**What this task involves:** Nothing but the lines below from the one that contains "L'alcalde de Riba-roja" through the one that contains "Chia sẻ thêm" should be retyped, exactly and including both ends. Do not include pictures.

── Records to use ──

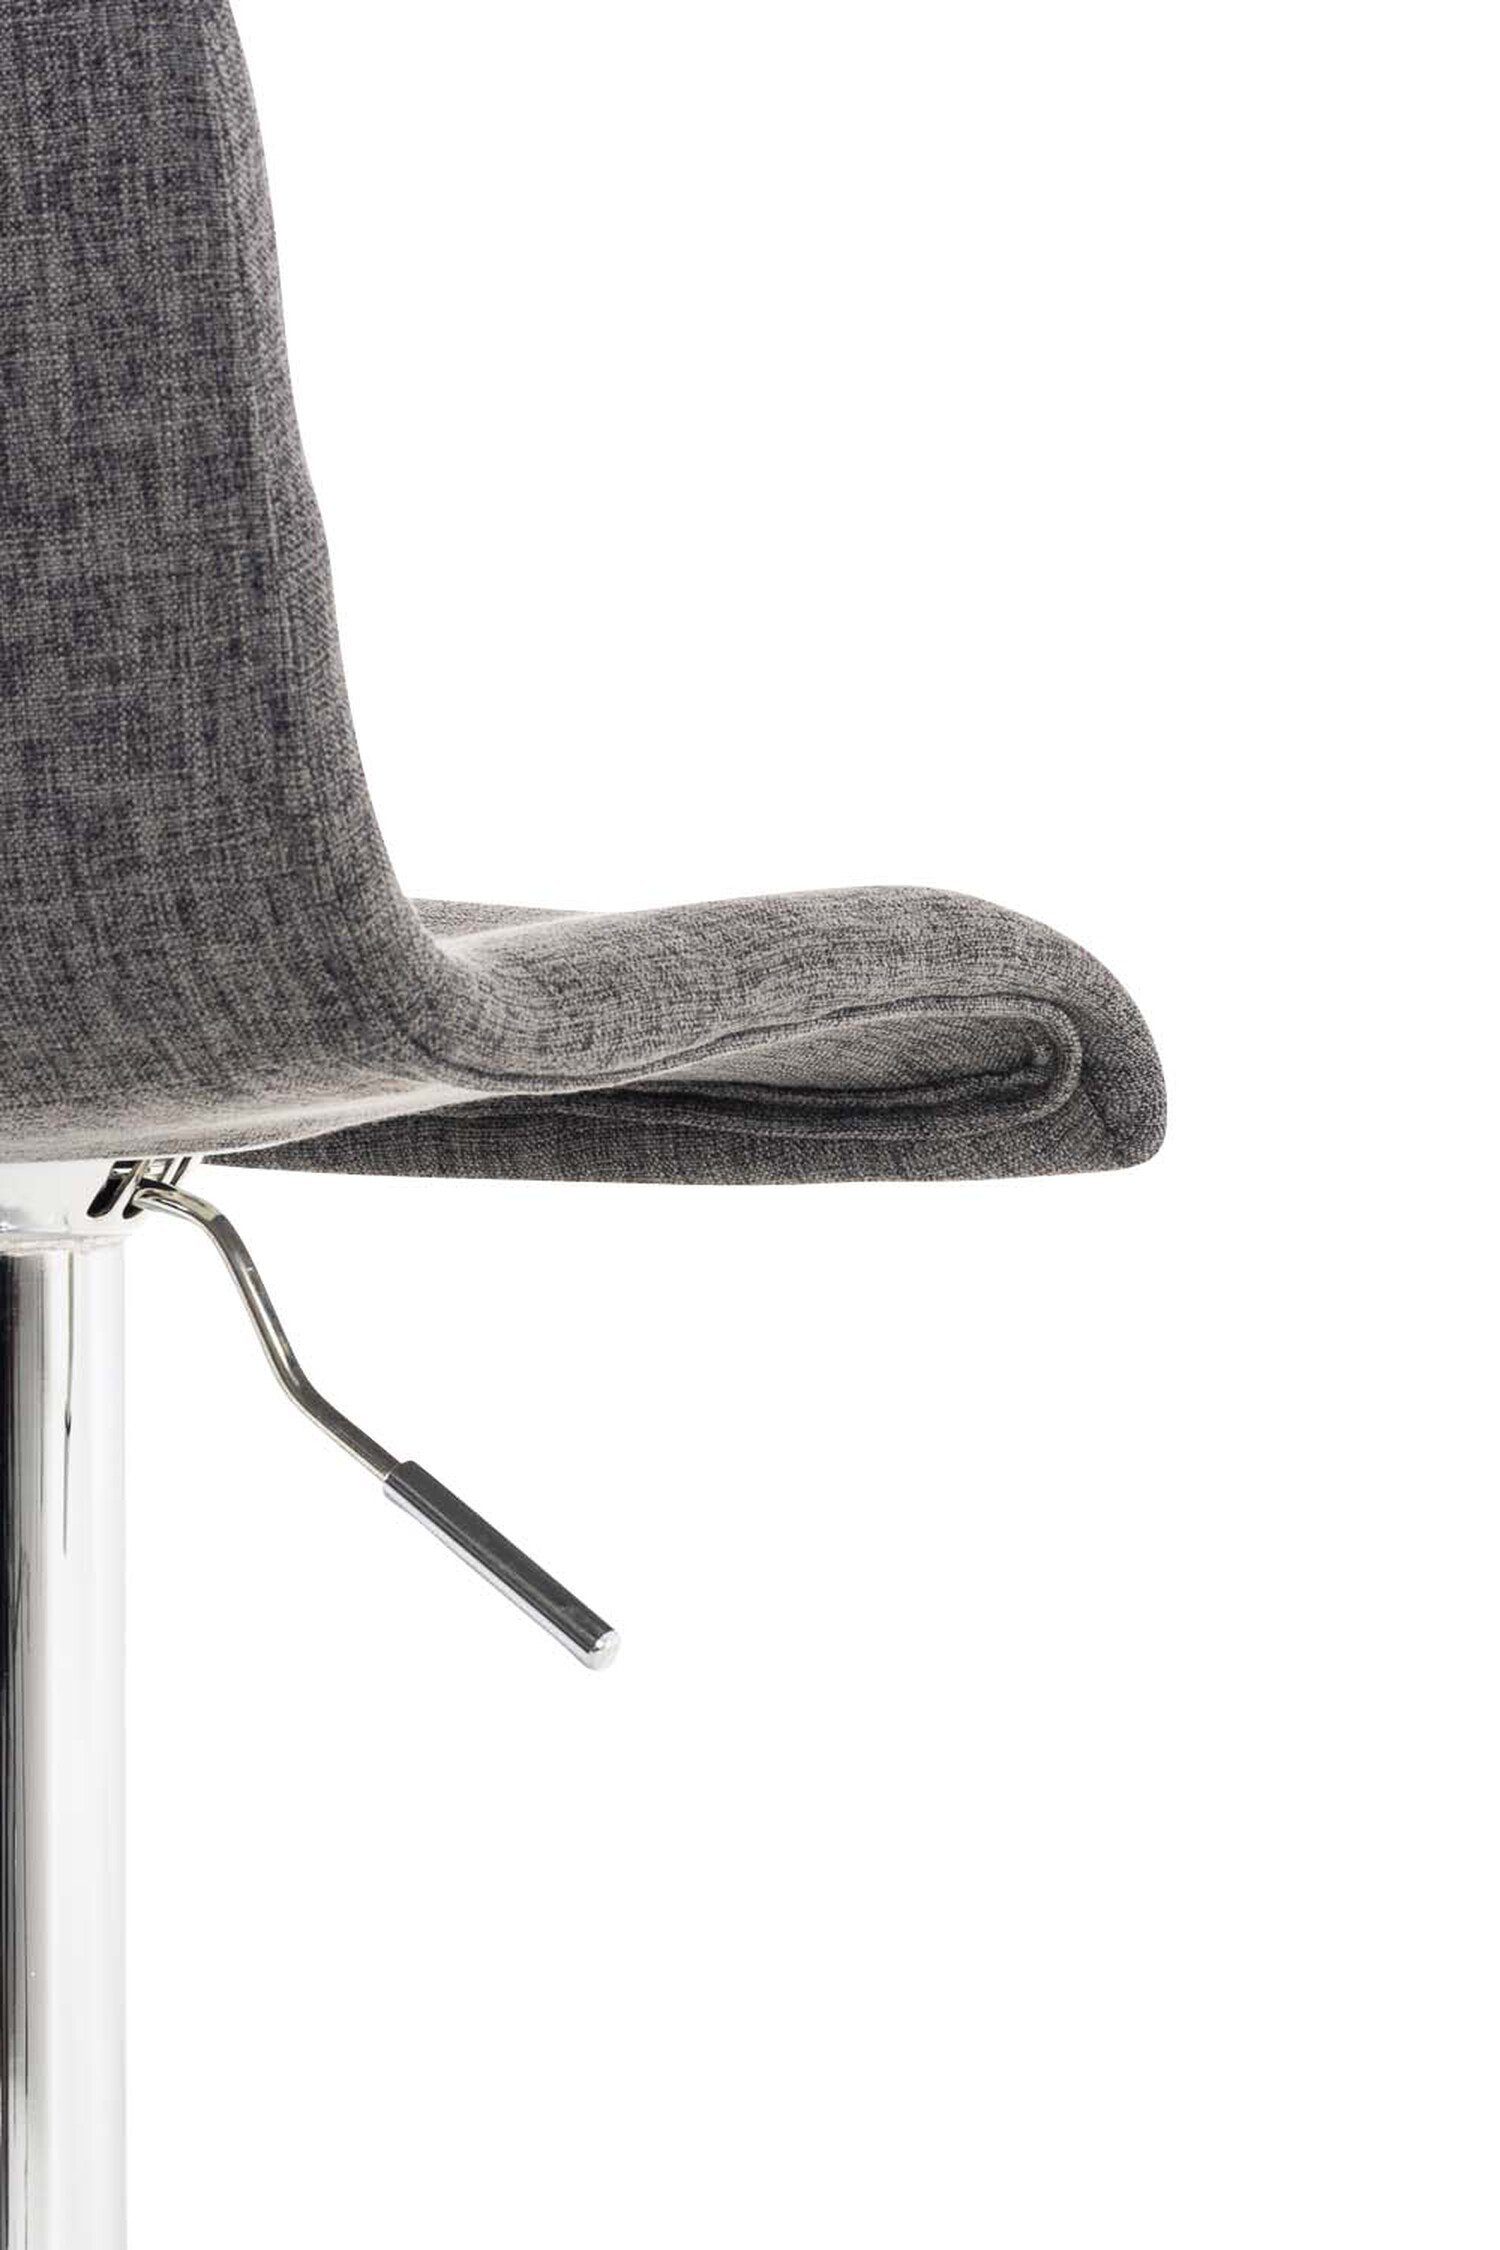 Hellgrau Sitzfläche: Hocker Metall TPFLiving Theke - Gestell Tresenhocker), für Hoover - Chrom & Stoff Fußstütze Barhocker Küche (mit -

───
── Records to use ──

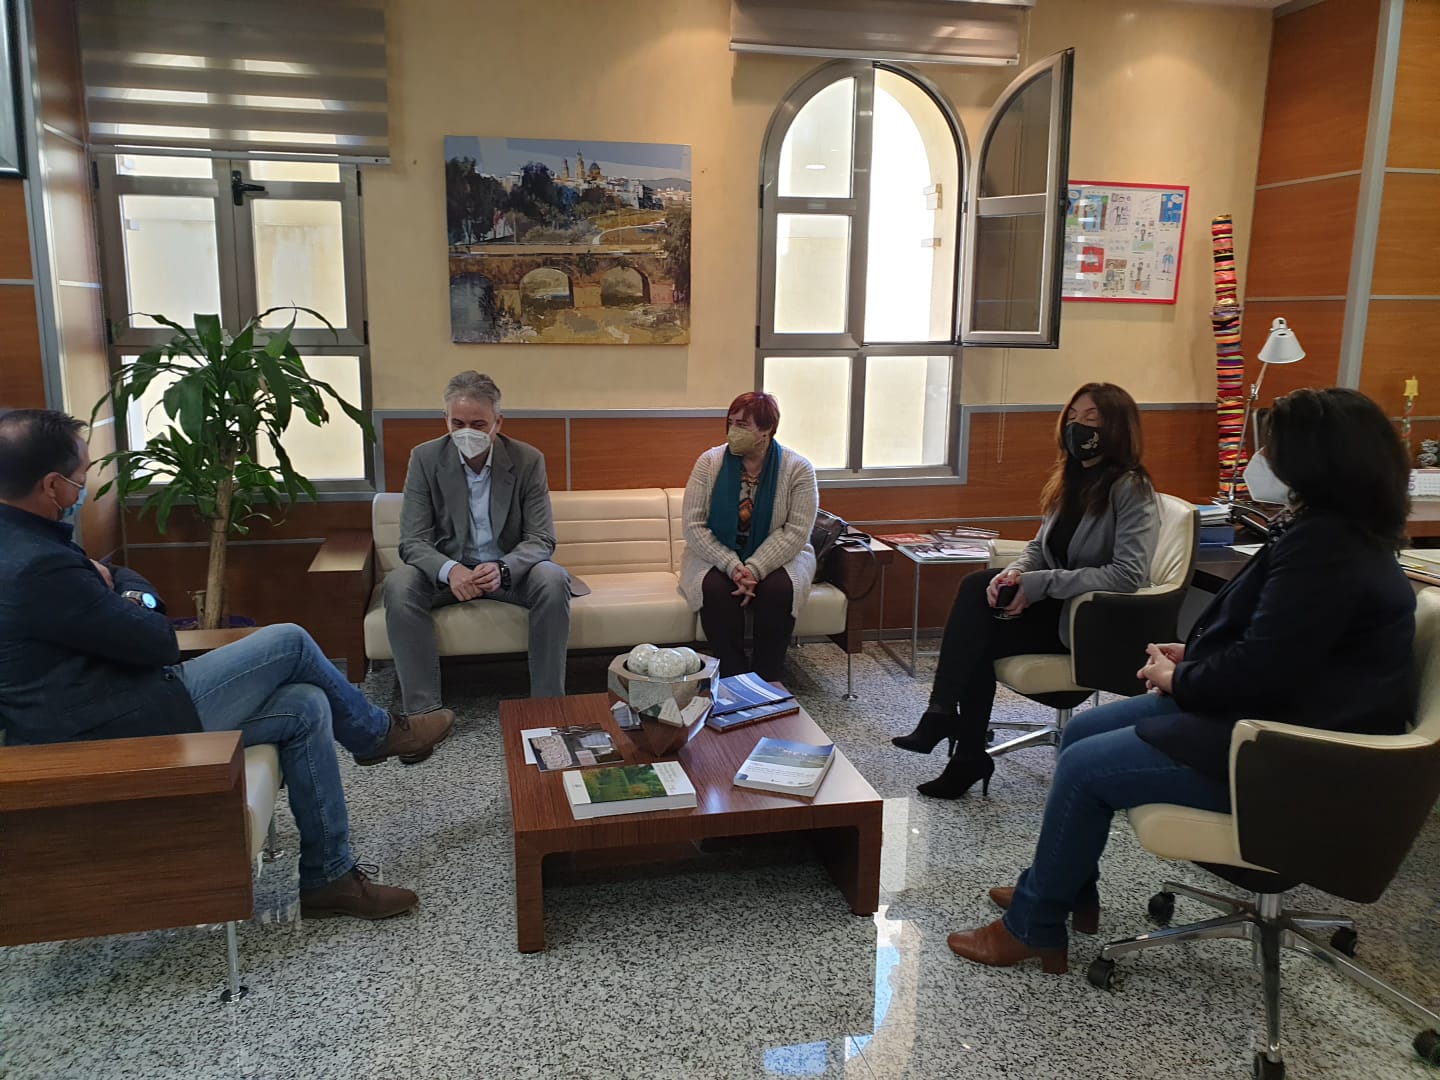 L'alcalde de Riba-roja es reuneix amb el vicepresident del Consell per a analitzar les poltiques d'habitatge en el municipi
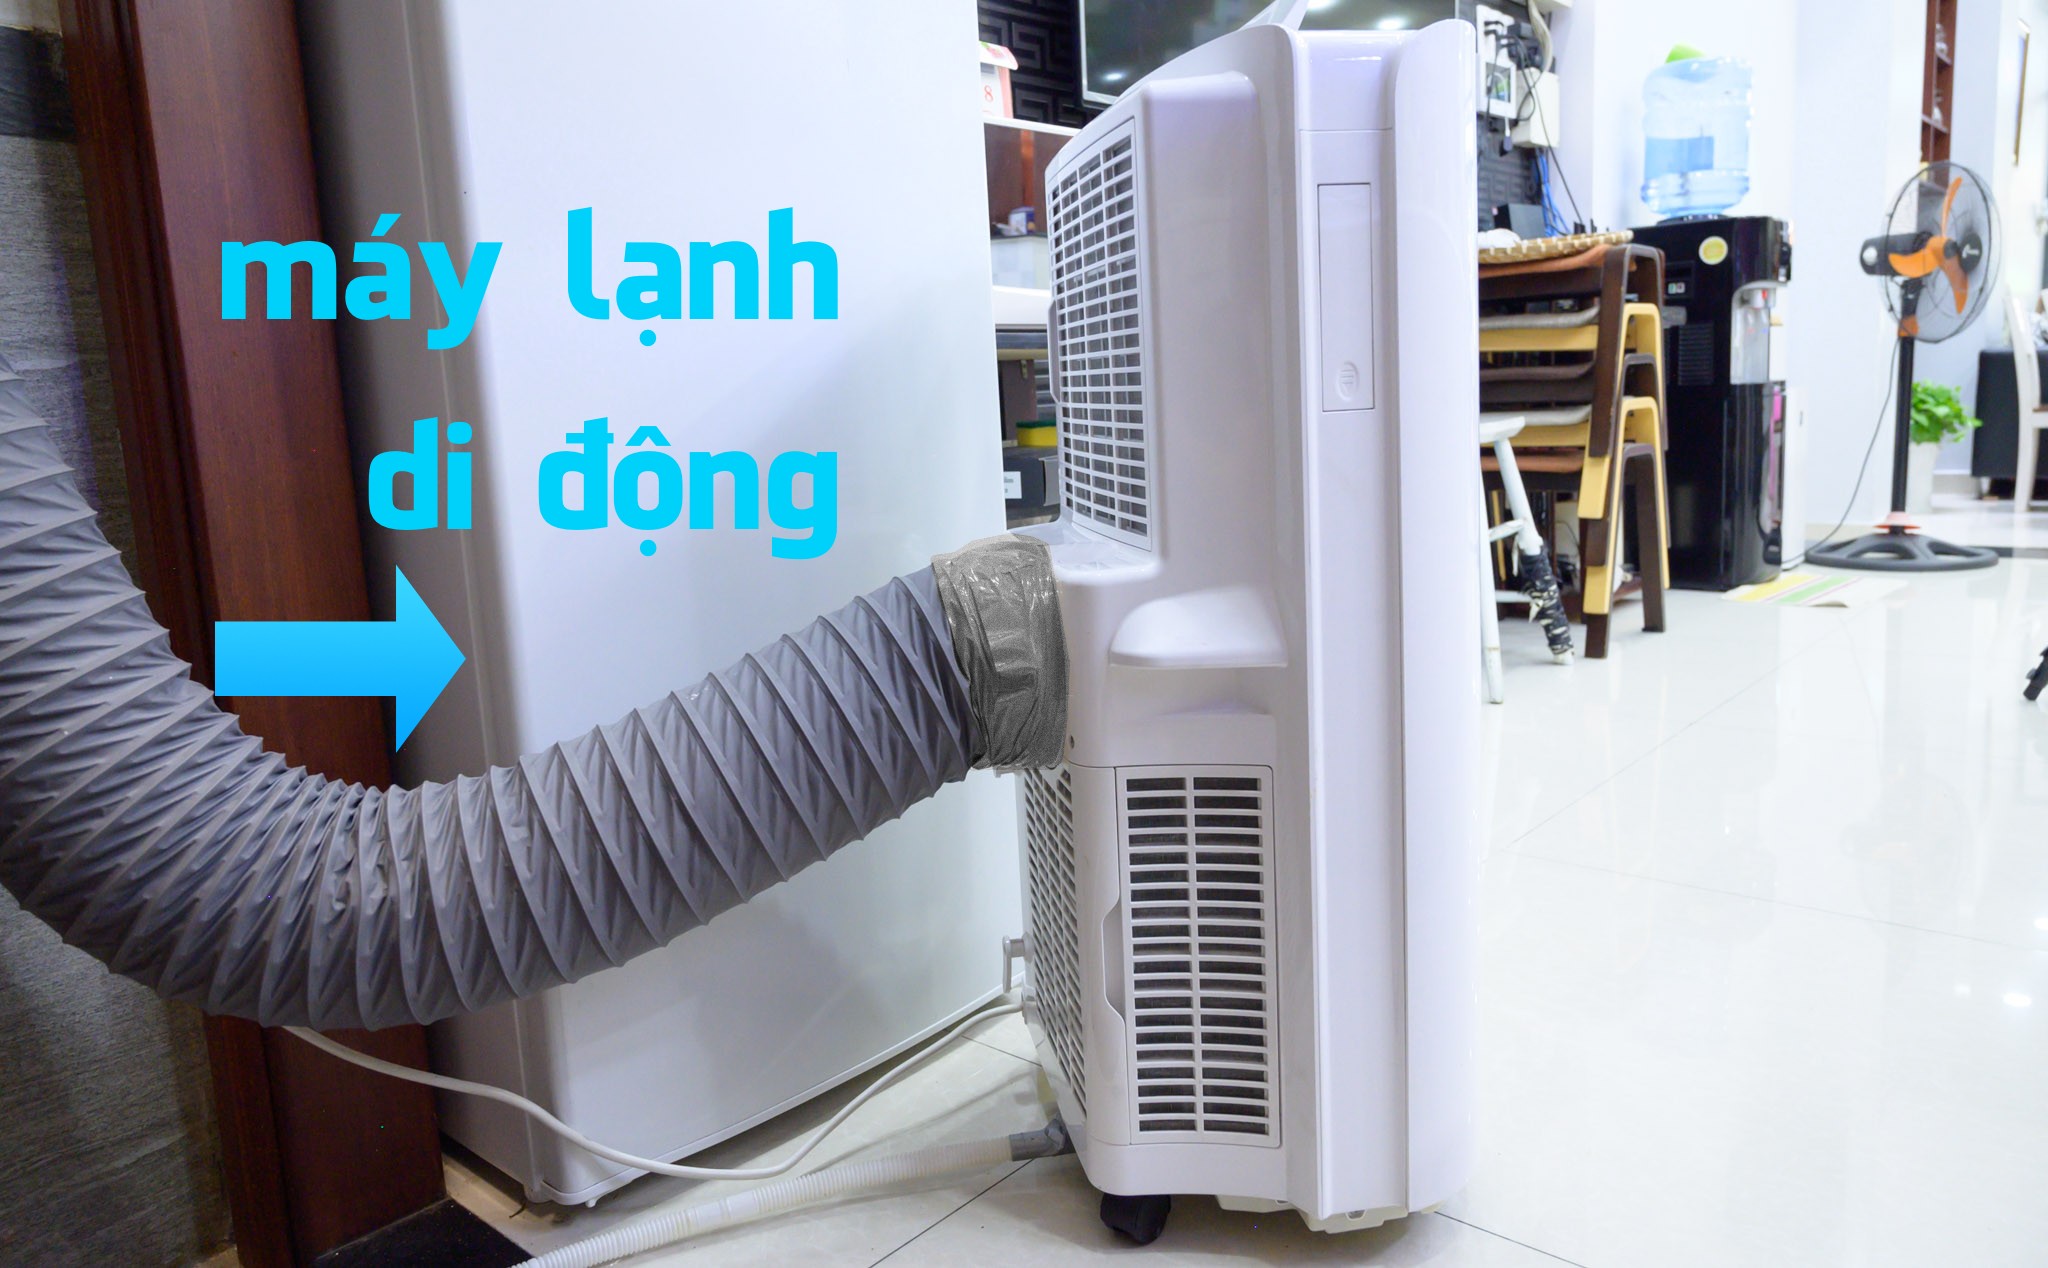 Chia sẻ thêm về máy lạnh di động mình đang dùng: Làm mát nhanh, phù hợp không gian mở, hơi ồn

───

**Written answer:**
 L'alcalde de Riba-roja es reuneix amb el vicepresident del Consell per a analitzar les poltiques d'habitatge en el municipi
 Chia sẻ thêm về máy lạnh di động mình đang dùng: Làm mát nhanh, phù hợp không gian mở, hơi ồn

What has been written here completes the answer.